Пес выбрался из-под машины, обнюхал платочек, чихнул и с неожиданной резвостью стал носиться вокруг, пригнувшись носом к самой земле.
— Теперь, господа, можно выйти и вам, — сказал Кроон, следя за собакой.
Марс перепрыгнул через канавку, пробежал несколько метров по тропинке. Остановился, тявкнул и оглянулся на Кроона.
Все, кроме шофера, двинулись за Марсом.
— Вы забыли свой баул, — напомнил Кроон доктору; тот вернулся, захватил свой чемоданчик и рысцой догнал своих спутников. Пройдя по тропинке еще немного, Марс свернул круто по мочежине влево к густой заросли молодого ельника и можжевеловых кустов...
Следуя за Марсом, Кроон рассказал и Марку, что произошло после того, как Марса с обрывком резинового плаща выкинули из той самой машины, в которой он теперь приехал сюда уже почетным гостем.
Уполномоченный миссии, как только вернулся мотор, вызвал к себе шофера. И тот рассказал ему, что «барыня» Горнсби со слугой вышли из машины на шоссе в сорока верстах от Москвы, взяли с собой какой-то большой сверток, а ему велели ехать немедля домой, что он и сделал. Из нескольких слов «барыни» шофер расслышал про какую-то девочку, которая сорвала перевязку и потеряла много крови...
— Надо догадываться, — сказал Кроон, — что девчонка в заточении пришла в отчаяние от страха смутной для нее, но тягостной участи и сорвала нарочно повязку. От потери крови она была без чувств и в испуге, что она умерла, а Горнсби — Серого Волка все нет и нет, «барыня» решила отвезти тело девочки, чтобы «концы в воду». Сама она, вероятно, намеревалась скрыться — здесь в трех верстах железная дорога. А, может быть, у ней и ее сообщника здесь где-нибудь есть на несчастный случай и укромный уголок.
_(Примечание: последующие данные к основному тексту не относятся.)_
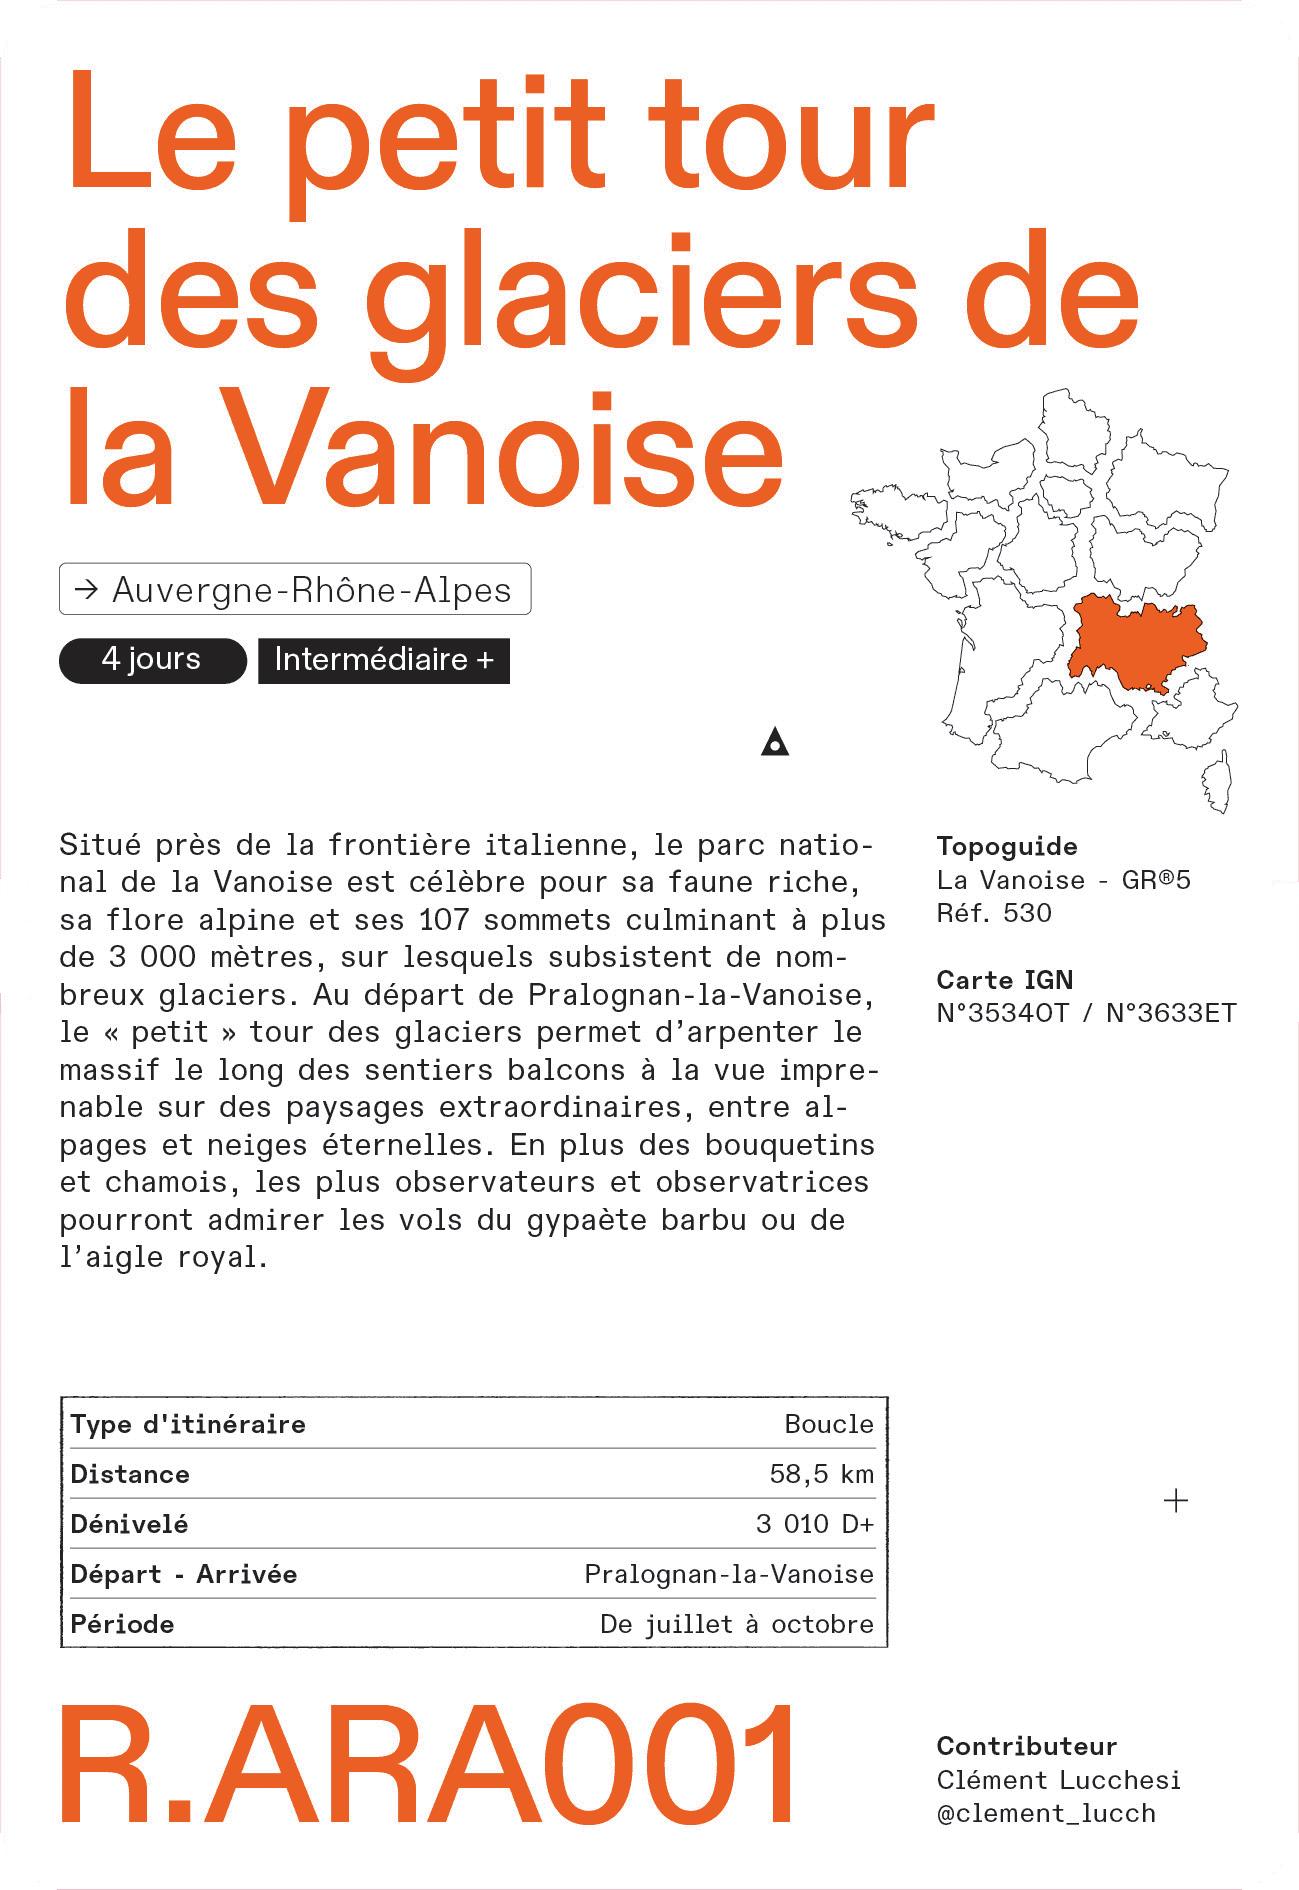 Recto Verso, la carte-méthode pour vos aventures en France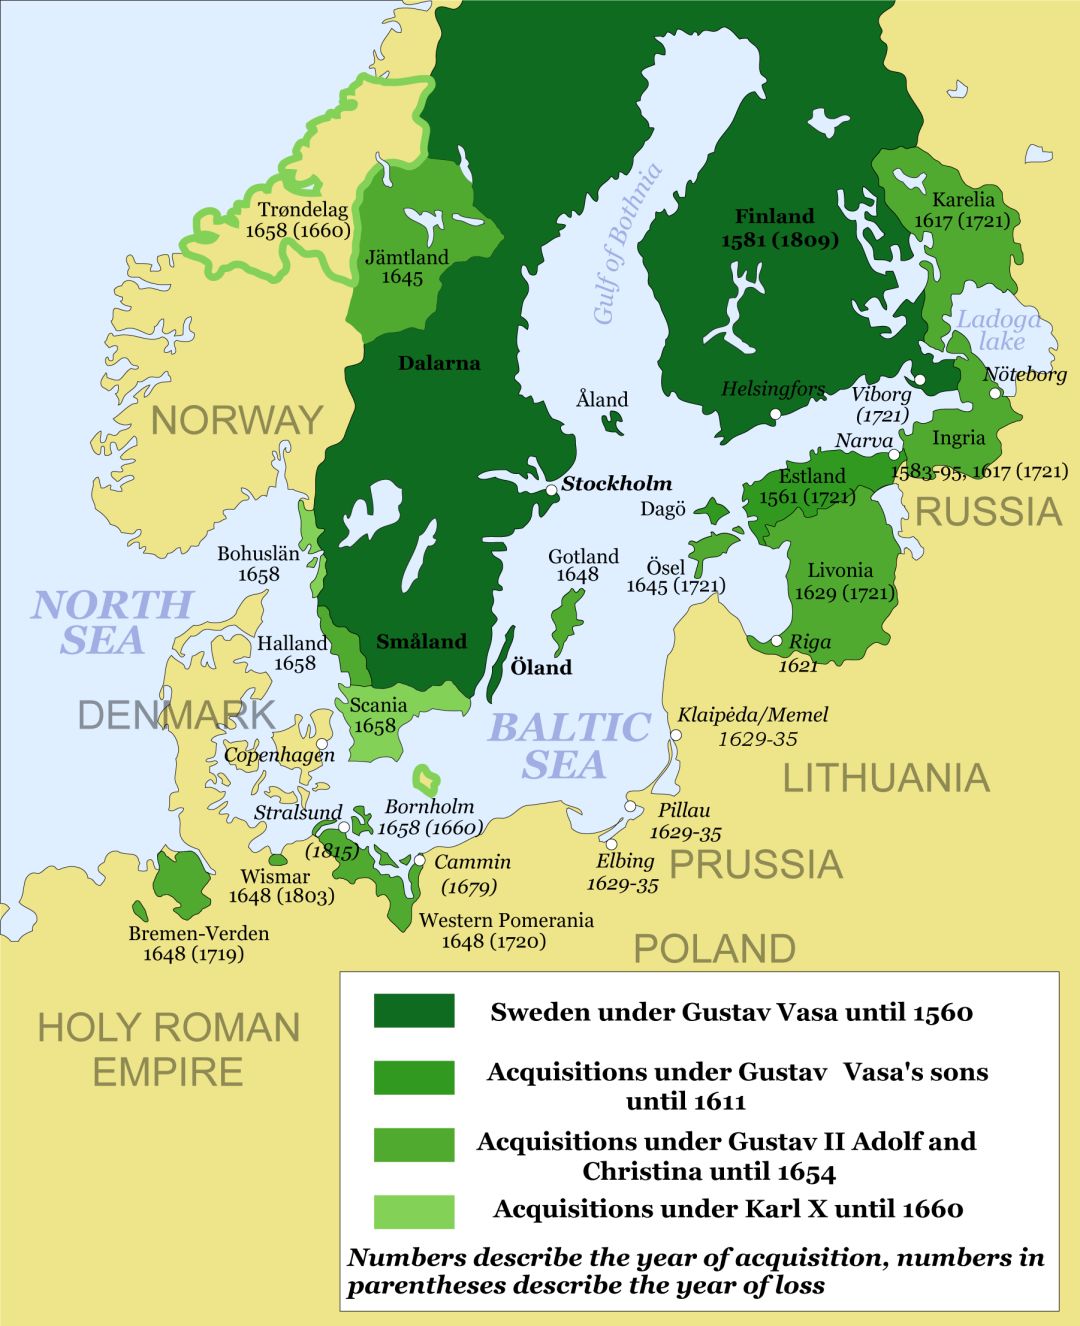 芬兰都是瑞典王国的一部分,直到沙俄攻入,才成为了沙俄的大公国

Марс, между тем, то шел уверенно по следу, то сбивался, но видно было, что он на верном пути, потому что он, видимо, огибал такие препятствия, какие непосильны для людей, несущих тяжести.
Лес — все чаще. Дождь усилился и проливался сквозь завесу веток.
Внезапно Марс насторожился, прислушиваясь, и с громким лаем кинулся в кусты... Все — за ним, и увидали на мховатой земле большой серый мешок — мешок шевелился.
Кроон упал перед мешком на колени и, вынув складной нож, быстро распорол ткань от того места, где из мешка зубами Марса был вырван клок.
Марк кинулся помогать Кроону и вместе с ним, вывернув мешок, увидели — бледное лицо Ани Гай; волосы ее, плечи и грудь были в крови. Она дышала и стонала.
— Ага! — вскричал весело доктор: — великолепно!.. Дождь? Великолепно. Прошу вас посильнее, — обратился он вежливо к небу, как бы к своему ассистенту во время операции, когда нужно сильнее пустить струю воды для промывки раны.
— Мы все это долой!
Доктор проворно распорол блестящими ножницами окровавленное платье и белье на плечах и груди Ани, отер ей лицо ватой, обмокнув ее в какую-то крепко пахнувшую жидкость из банки... Он снял с плеч девочки наскоро намотанный бинт...
— Глубокий порез. Артерии, повидимому, не тронуты. Кровоподтеки. Больше ничего. Пустяки! Мальчик, помогите мне. Держите ленту. Теперь нам не надо воды. Перестаньте! Да перестаньте ж!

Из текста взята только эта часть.